**SUPPLIED MATERIAL:**
────────────────

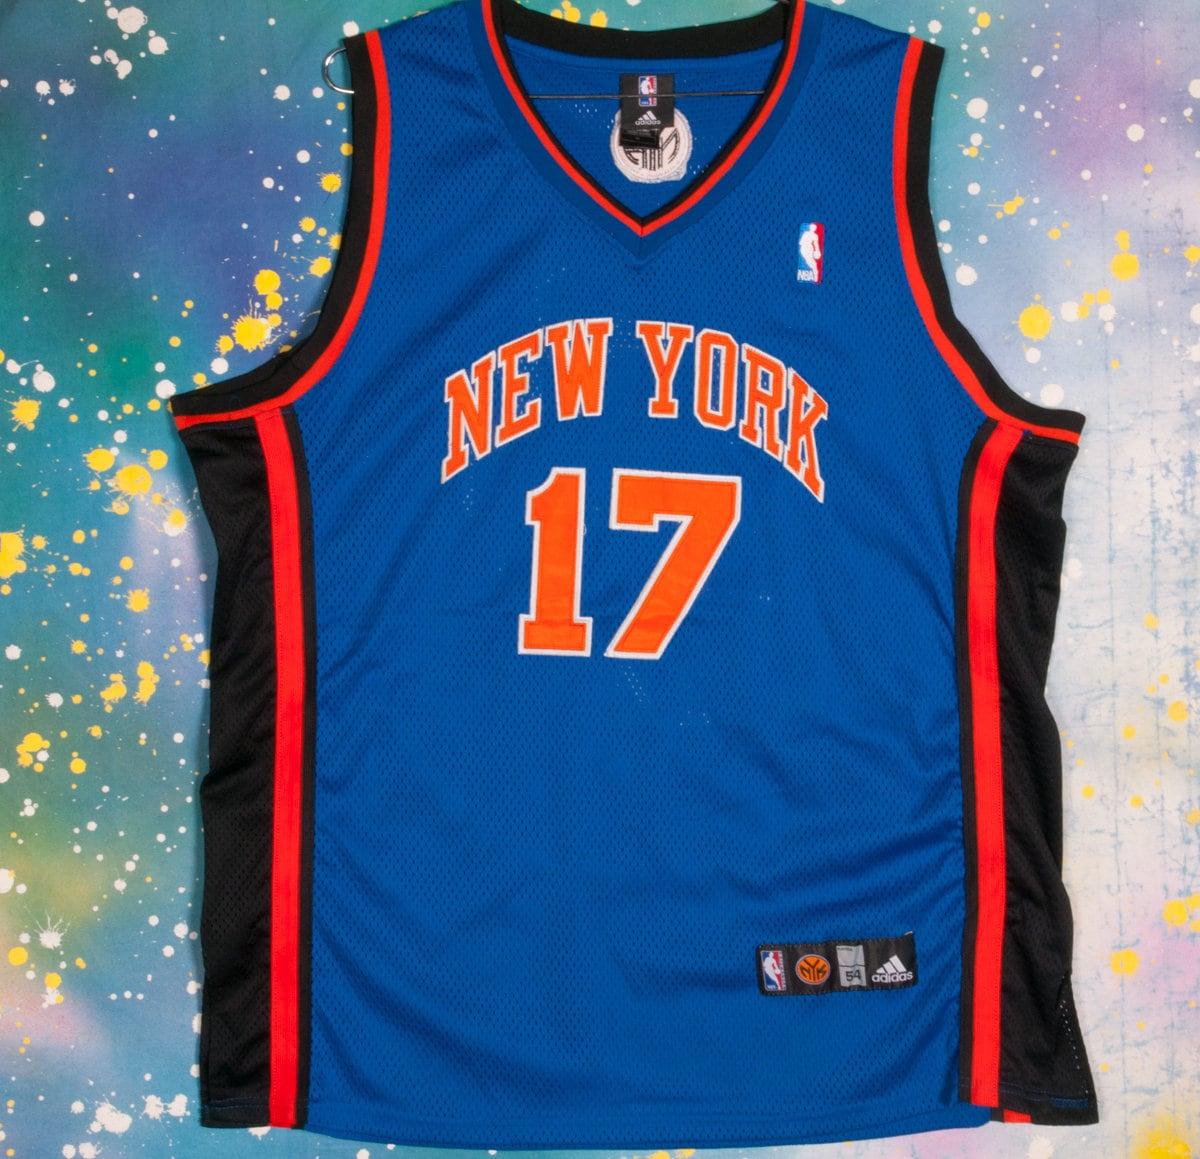 New York NETS #17 Basketball Jersey Size 54
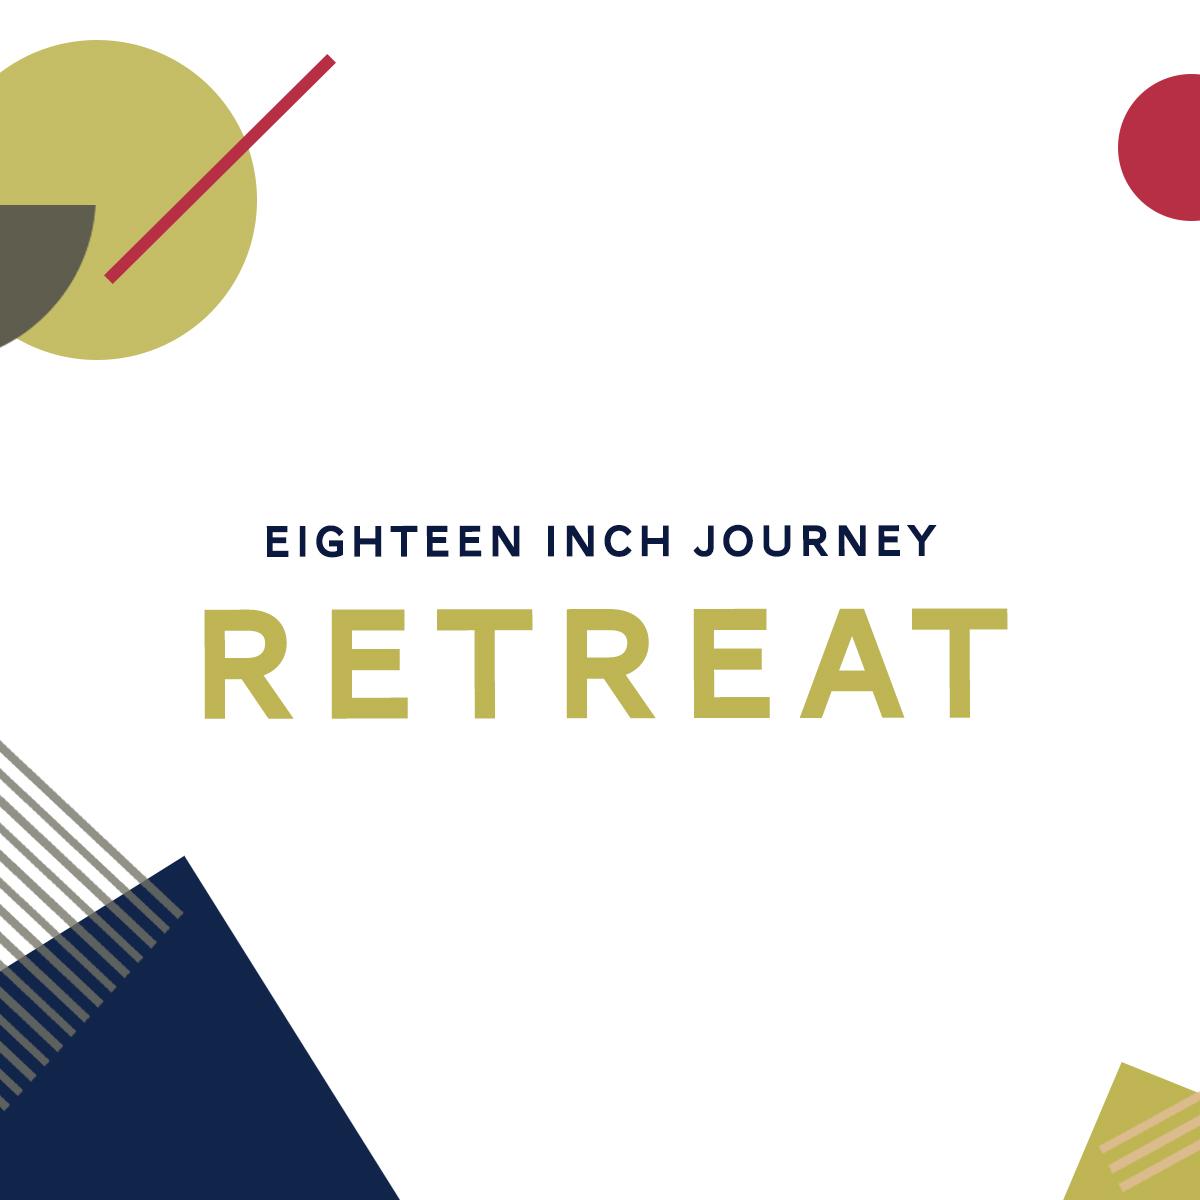 retreat_event.jpg
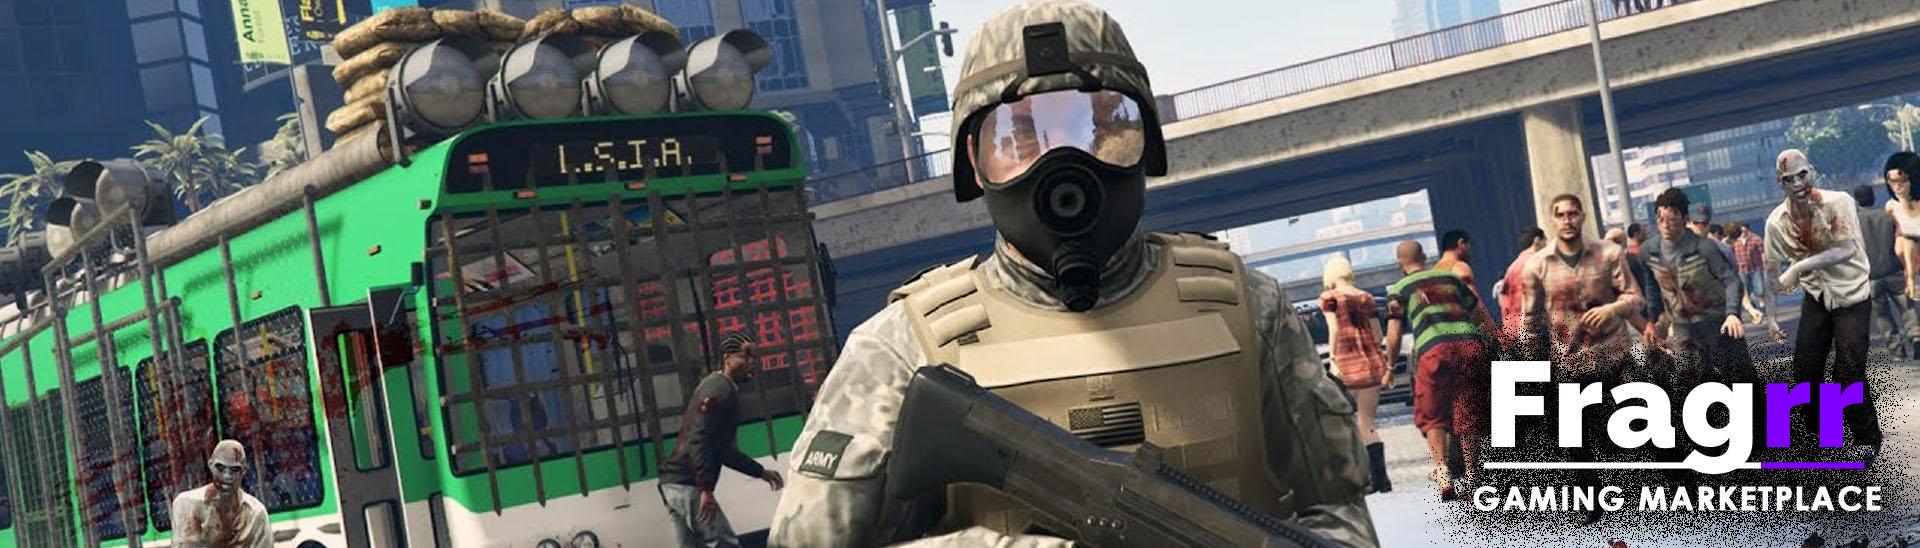 GTA 5 Mods for Sale | Fragrr

────────────────

**BRIEF:** Print out all the material above exactly as it appears, omitting the images.

**WRITTEN ANSWER:**
 New York NETS #17 Basketball Jersey Size 54
 retreat_event.jpg
 GTA 5 Mods for Sale | Fragrr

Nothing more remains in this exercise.